If you are unsure. YOu can look at some google images. Remeber S. Limbata and S. Californica are almost idenctical species.


----------



## happy1892 (Feb 5, 2012)

Maybe you can ask on bugguide.net.


----------



## happy1892 (Feb 5, 2012)

Those are good pictures agent A.


----------



## CoolMantid (Feb 5, 2012)

Happy1892 helped me out to idnetify the species. S. Limbata are completely brown with a light brown zipper.


----------



## happy1892 (Feb 5, 2012)

So that is Stagmomantis limbata right?


----------



## CoolMantid (Feb 5, 2012)

No the other picture I showed you was a Stagmomantis Limbata. This is a S. Californica. Agent A- I have 2 more fo these strung in my backyard.


----------



## happy1892 (Feb 5, 2012)

You wrote "S. Limbata are completely brown with a light brown zipper." The one in the picture is completely brown with a light brown zipper.


----------



## happy1892 (Feb 5, 2012)

Which one is yen's old californica ooth?


----------



## happy1892 (Feb 5, 2012)

The lighter colored one or the dark one?


----------



## CoolMantid (Feb 5, 2012)

The one I sent Agent A is the darker one

S. Limbata are completely brown

S. Californica are Dark Brown with a white zipper like in the picture


----------



## CoolMantid (Feb 5, 2012)

This is my S. Limbata. See the difference


----------



## CoolMantid (Feb 5, 2012)

Sorry its so blury. Its the only picture I have


----------



## agent A (Feb 5, 2012)

The lighter, fatter one is yens and the long thin one is yours

Personally I don't care which it is

I did have problems with californica before so maybe limbata is something better

U said it yourself, they r almost identical, so it doesn't really matter, though I'd still like to know wat it is definitively


----------



## CoolMantid (Feb 5, 2012)

I sent the S. Limbata ooth in the picture to Carey and the S. Californica to you. I saw the female laying it.


----------



## agent A (Feb 5, 2012)

then i'm thinkin that there is some variation in californica, since yen's ooth is from an arizona female and yours is from california, the structure of the ooths may vary

just a guess though, rick will probably read this and go "the ooths of the same species will not have that much variation" or something but i'm not sure what it is

i'm stumped


----------



## ismart (Feb 5, 2012)

The lighter colored one is a californica ooth. The darker one is a limbata ooth.


----------



## agent A (Feb 5, 2012)

i thought so!!!


----------



## CoolMantid (Feb 5, 2012)

No I have to disagree.

The adult females of both species are nearly identical except for a small difference in coloration in there hindrwings. I sent an *S. Limbata to Carey*

Personally, I think that S. Limbatas are very rare to find in CA but I have found an S. Limbata at the basketball court at my school. I did check the hindwings (yellow and discovered it was and S. Limbata) (Maybe not as rare as I thought) There is also a very distinct difference in their ootheca. S. Limbata is shorter and more wide compared to s. Californcia which is Longer,.

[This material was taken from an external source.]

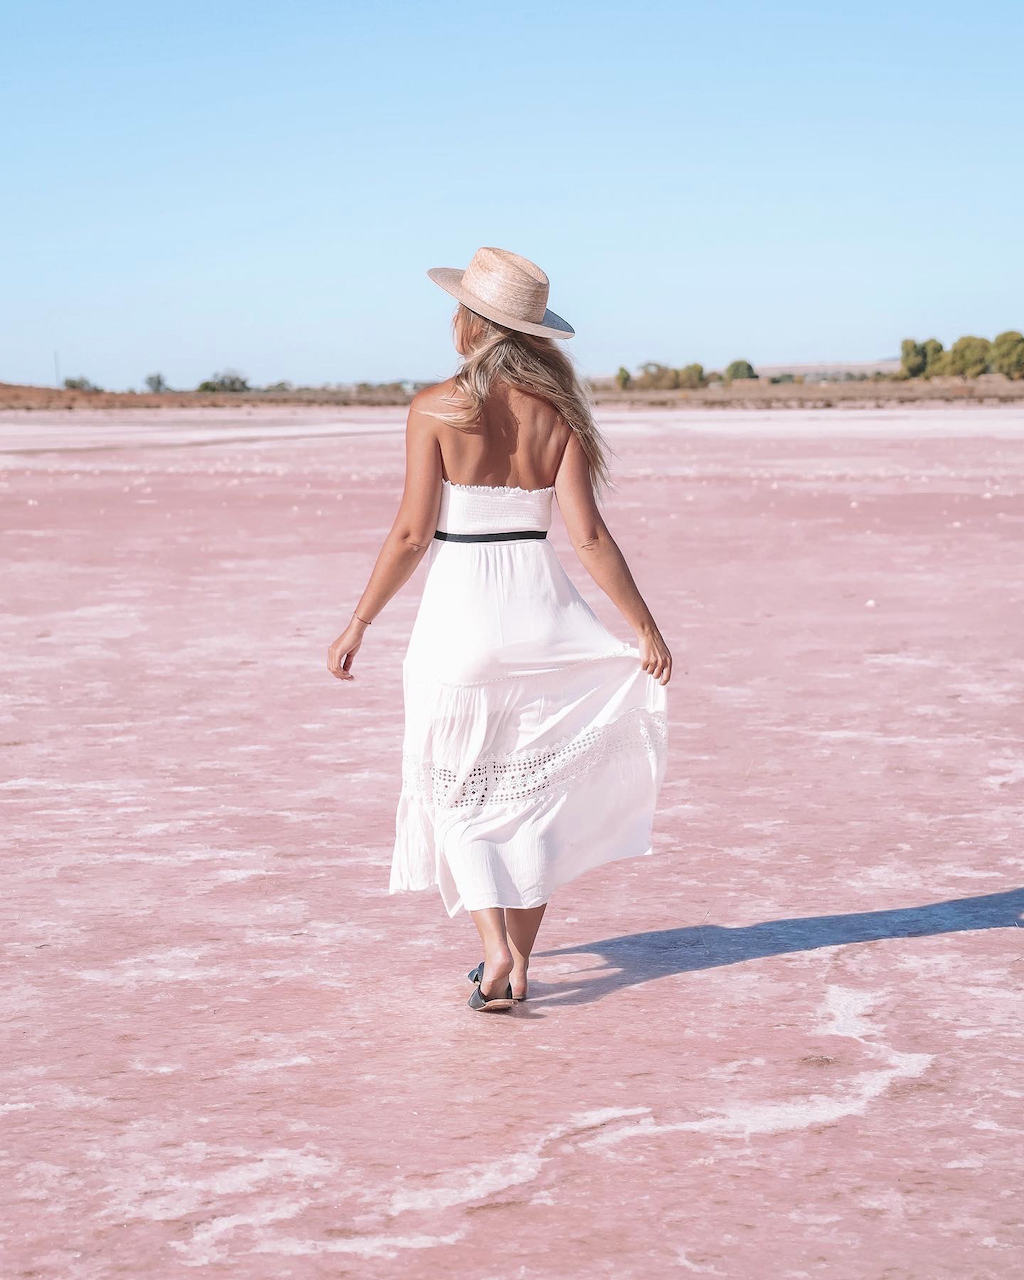 Femme blonde marchant sur le lac Bumbunga - South Australia (SA) - Australie

In adults S. Limbata show more Molted Colors in brown while S. Californica are more of a solid green. To tell a complete difference look at the top of the abdomen near prothorax, S. calilfornica has 3 dark color stripes while S. limbata has none. S. californica has black hind wings with reddish color on coastal vein region and purplish at the base. *The adult mantis who laid and ootheca (Its the one is sent you) had a red hindwing*. So you have to look at color,wing difference, and ootheca to tell the difference in this species.


----------



## agent A (Feb 6, 2012)

I have an easy way of solving this

When carey gets the ooth, she posts pics of it, maybe u mixed the ooth up or something

And when the ooth hatches we'll see wat the nymphs grow into


----------



## CoolMantid (Feb 6, 2012)

She got the ooth the same time as you. Also I told you, I couldnt garentee fertility of the ooth because I found the female. But you still wanted the ooth. So it might not hatch.

My blurry picture I posted is the one Carey Requested. Thats the one she has now.See the major difference. Also ask Yen how she got that ooth she gave you. if she found a female. She couldv'e mixed up the nearly identical species. I really hope I didnt get confused and sent you the S. Limbata!* *I know the ooths are from different species* *Why dont you talk to Carey and see what she thinks?!


----------



## CoolMantid (Feb 6, 2012)

If it hatches I think the ones that start as dark brown hatchlings are the _S. californica_, and _S. limbata_, which looks similar, but is larger, and the nymphs hatch out bigger and pale cream color.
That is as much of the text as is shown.